I was fed up and angry.
Like, yelling-at-people-in-the-parking-lot-for-idling-their-cars angry (sorry again…), and I was going to rant about bad air quality to anyone who would listen to me. Specifically, about how it seems so many Utahan’s don’t care enough about how their behaviors contribute to the bad air, whether it’s commuting in high emissions vehicles, not car-pooling, or unnecessary idling. I was, to the full definition of the word, miserable. Like, printing-signs-to-put-on-people’s-cars-when-I-saw-them-idling miserable. My choice of ‘action’ was unkind and ineffective (Because who responds well to someone knocking on your window and insisting you change your behavior? Nobody. Nobody likes that.), and I was dejected.
But this day,
as I looked out the window and repeated the frustrations I had been focused on for years, I was reminded by the most recent victim of my frustration that I was standing in the conference room of a company who is ready and willing to throw its weight behind a good cause, and I had a good cause. Not only that, but I was not, in fact, the only person in Utah with the same frustration, and that other groups were busy putting their energy into making a difference instead of spending it on anger and helplessness. To top it off, I was standing three stories above hundreds of outdoors lovers who were as eager as I was to see air quality improvement in the valley.
The conversation shifted from a miserable monologue to energetic deliberation. Inspired by the efforts The Front and its community had already taken, like raising money for Utah Clean Energy through The Impact Coalition, investing in 12 electric car charging stations to encourage our members to take decisive and effective action, and installing solar panels on the OG and new Millcreek gym, we wanted to know: Who else could we partner with to help make even more of a difference?
It wasn’t long before we found the answer: Jared Campbell. (Read more about Jared in our blog post from last year.)
Jared Campbell, a local endurance athlete and long-time climber (ahem, legend), had already been advocating for clean air solutions for more than a decade with his annual event Running up for Air.

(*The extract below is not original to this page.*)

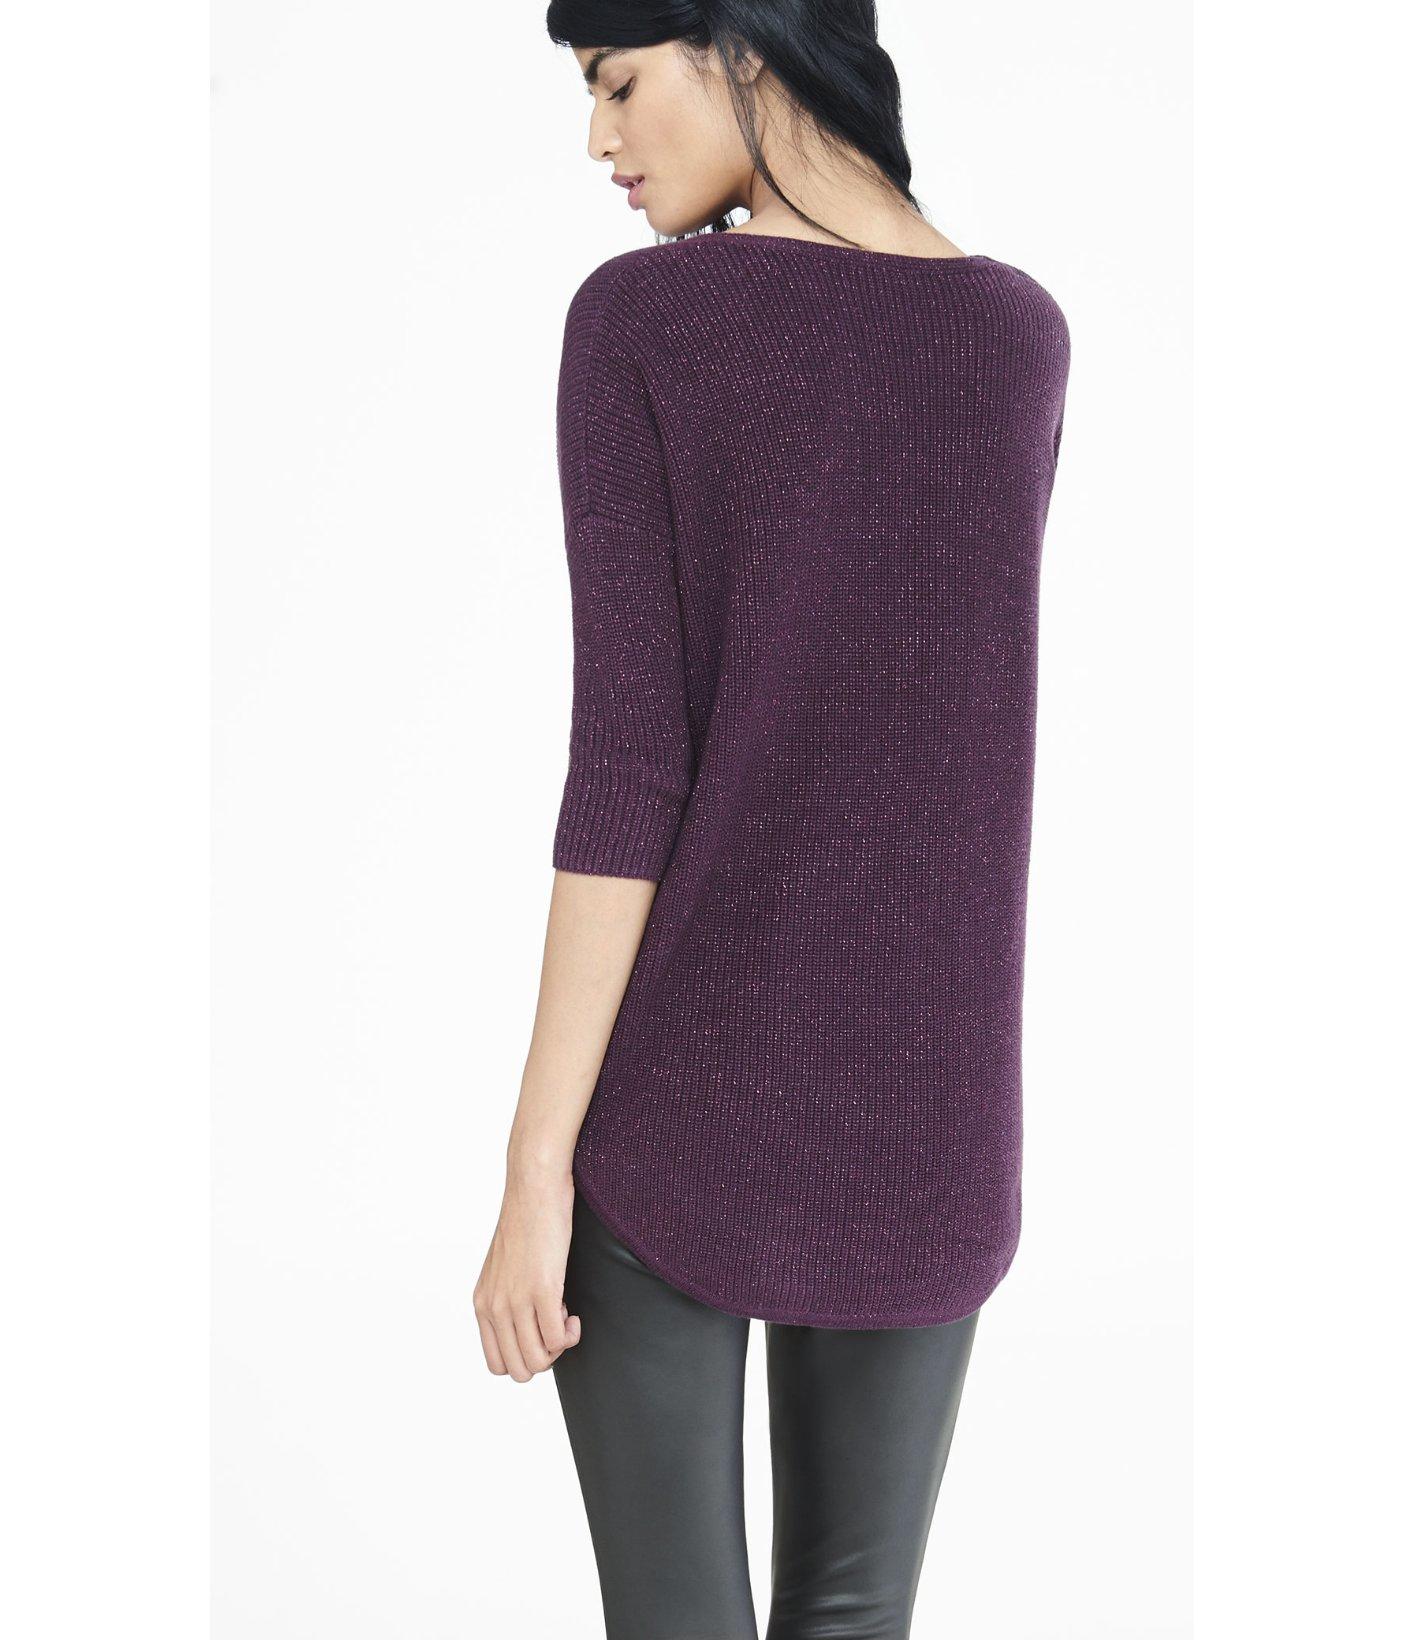 Express Currant Metallic London Tunic Sweater in Purple | Lyst

Simple in its structure and mighty in its effectiveness, Running Up For Air (RUFA) had not only been raising awareness of the effects of bad air quality, but had also raised thousands of dollars to date for an amazing organization dedicated to the cause – Breathe Utah.
after years of feeling miserable and defeated (have I mentioned that I was miserable?), I felt hope knowing that the outdoors community was already rallying to make a change! We immediately contacted Jared for a meeting, and with his enthusiastic support and impeccable organization, Climbing Up For Air (CUFA), the second installment of the Up For Air Series, materialized. With the leadership of Jared, the passion and heart of Breathe Utah, and the community and force of The Front Climbing Club, CUFA’s first year was able to contribute another several thousand dollars toward better air. This year, both RUFA and CUFA will be expanding to Ogden, and we have a lofty goal of raising over $20,000 for clean air solutions.

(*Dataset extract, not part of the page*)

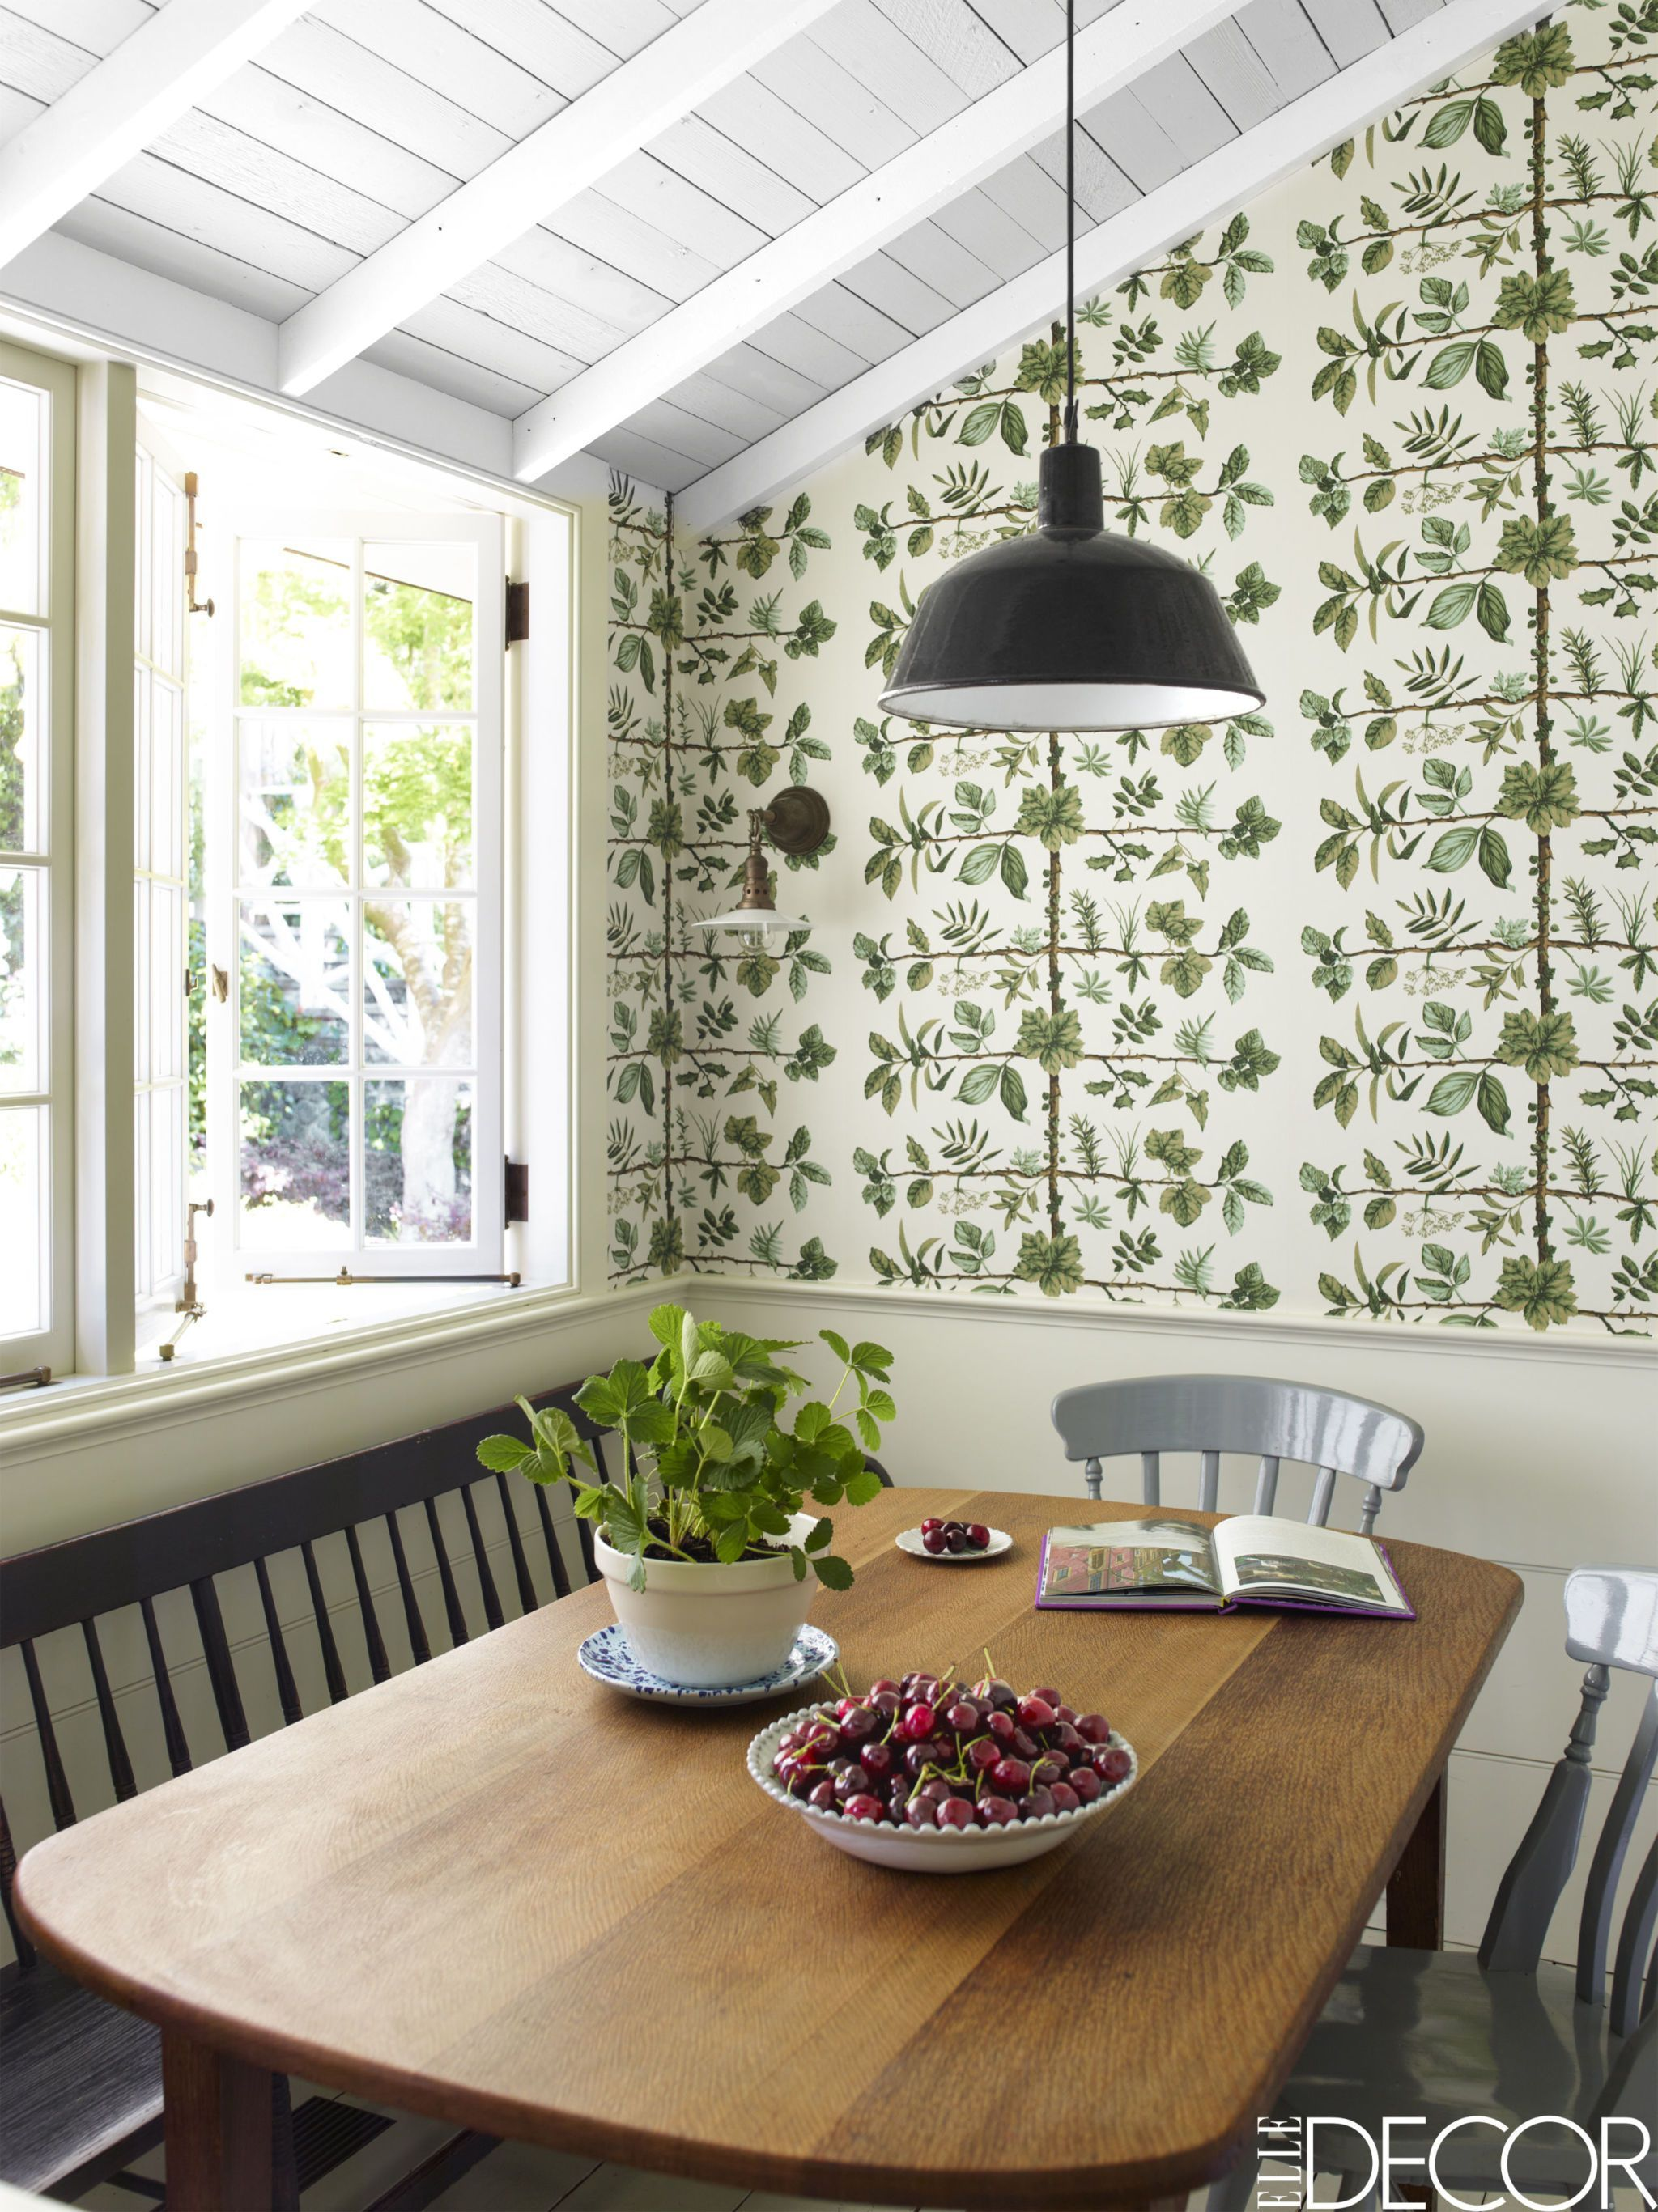 Rustic Design 32 Rustic Decor Ideas  Modern Rustic Style Rooms

But, what real change can we actually make?
What does raising funds for this organization even mean? Are there any real solutions to bad air quality?

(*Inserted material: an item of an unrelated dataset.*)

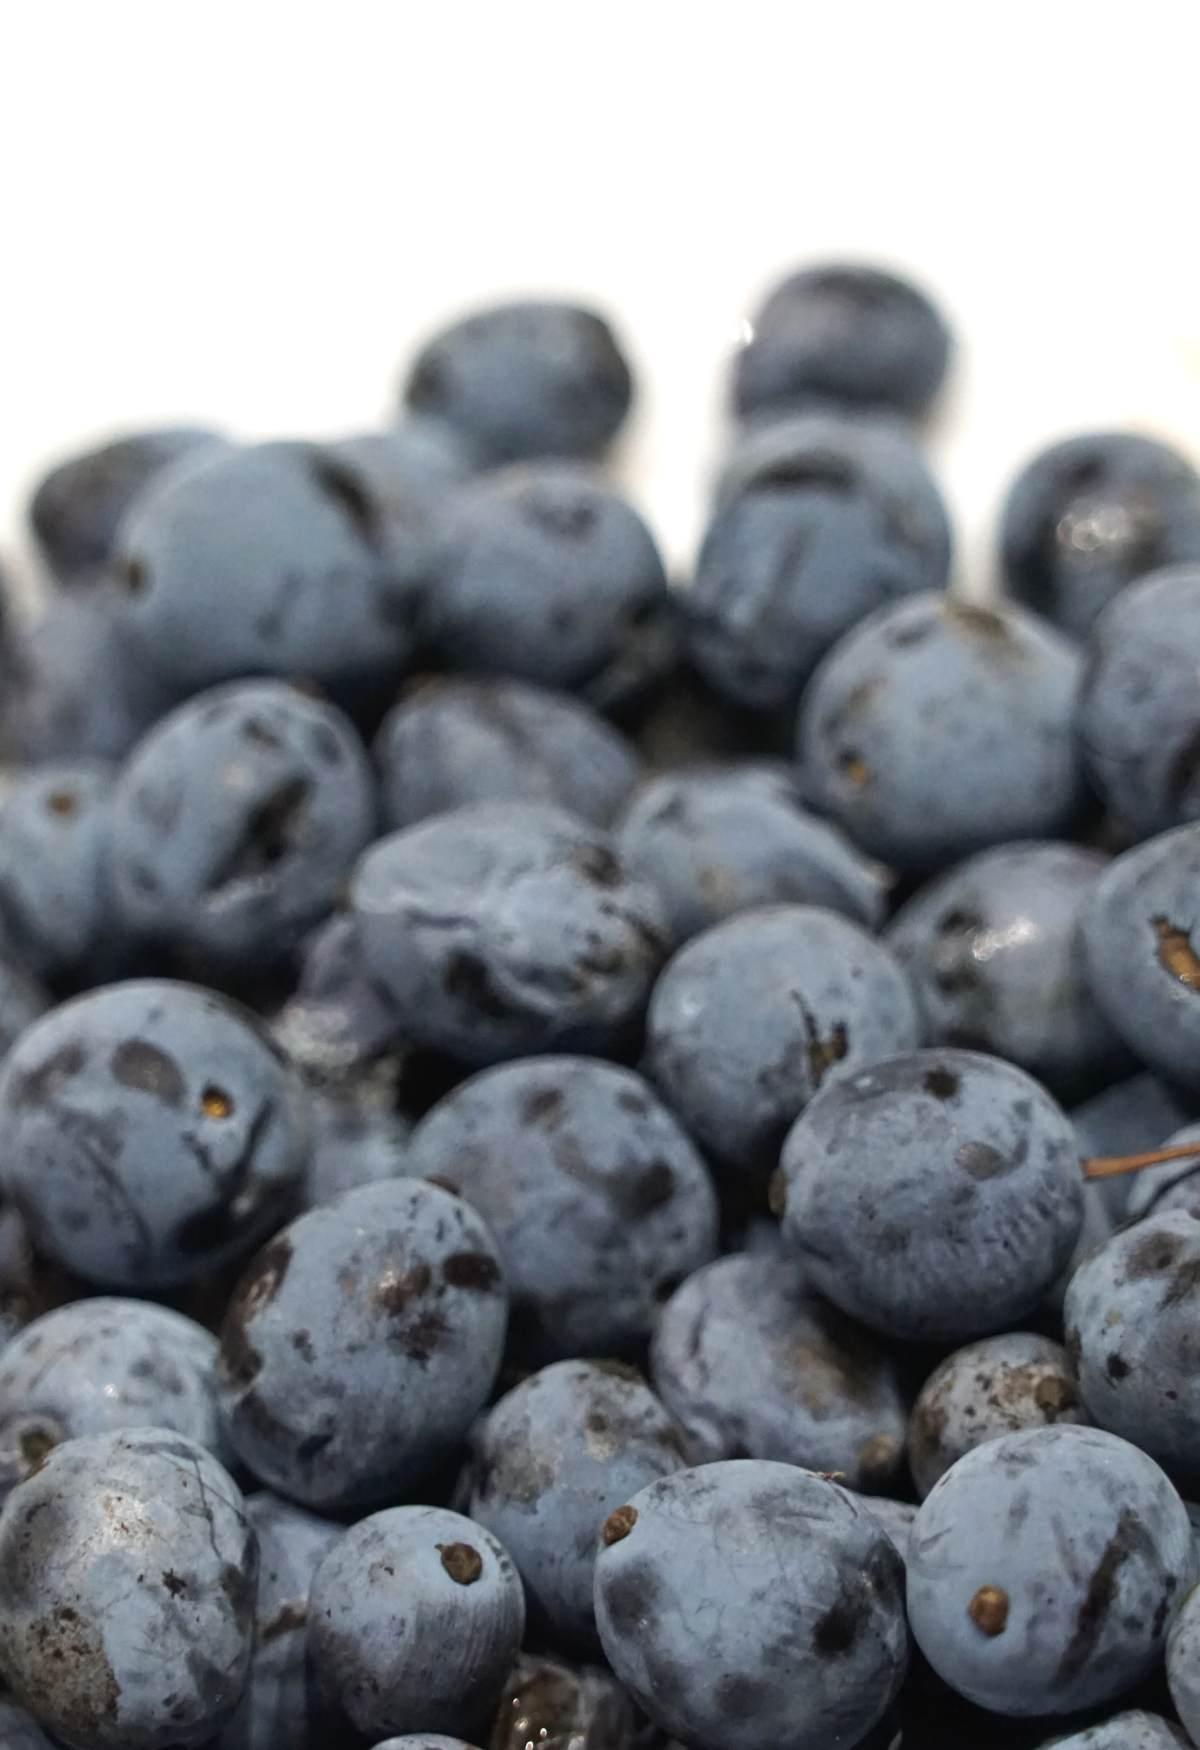 Harvesting Mahonia berries – easy, abundant for tasty toasts & desserts!

I was born and raised in Utah, and I wasn’t aware of the effects of bad air until after I graduated college. Sure, maybe I was more ignorant than your average Utah gal. But I have also realized that many people actually, quite innocently, do not understand to what degree their own behaviors negatively affect air quality. It isn’t necessarily that they don’t care, it is that they do not know. I idled my car for YEARS to warm it up in the winter months, without even thinking about it! I also rode my bike to school every day, all winter long, for four years. I thought it was just foggy outside, and now I have asthma. Coincidence? I think not.
Education can make as much of an impact as legislation, and Breathe Utah strives to accomplish both.
With community programs, school programs, and active lobbying, Breathe Utah is fighting daily for our air quality and health. They forgo that anger and frustration that plagued my own life for so many years, and instead utilize persistence, facts, data, humor, lawyers, and strong community partnerships to combat poor air quality, change human behavior, and advocate for effective policies. Jared Campbell and Breathe Utah literally changed my life, and they are changing yours every day behind the scenes!
If you are going to live in the great state of Utah, you must acknowledge your personal responsibility to lower your emissions and contribute toward better air. Whether you start with a small effort like reducing idling, carpooling to The Front, or walking to your destination when possible, or a grander effort like investing in solar, switching to an electric vehicle, or joining us as and great organizations like Breathe Utah as ambassadors for air quality in Utah, your action matters.
If you can’t join us for this year’s RUFA or CUFA events coming up on February 9th and 10th, please consider a tax-deductible donation to Breathe Utah, visit their website and learn more about ways to support Utah’s conversion to cleaner living, and consider changes you can make to your own behaviors that will improve the air we breathe. Join me and our community in turning our disgust of the smog into effective action. Your lungs will thank you!
Oh, and remember, The Front is an idle free business :).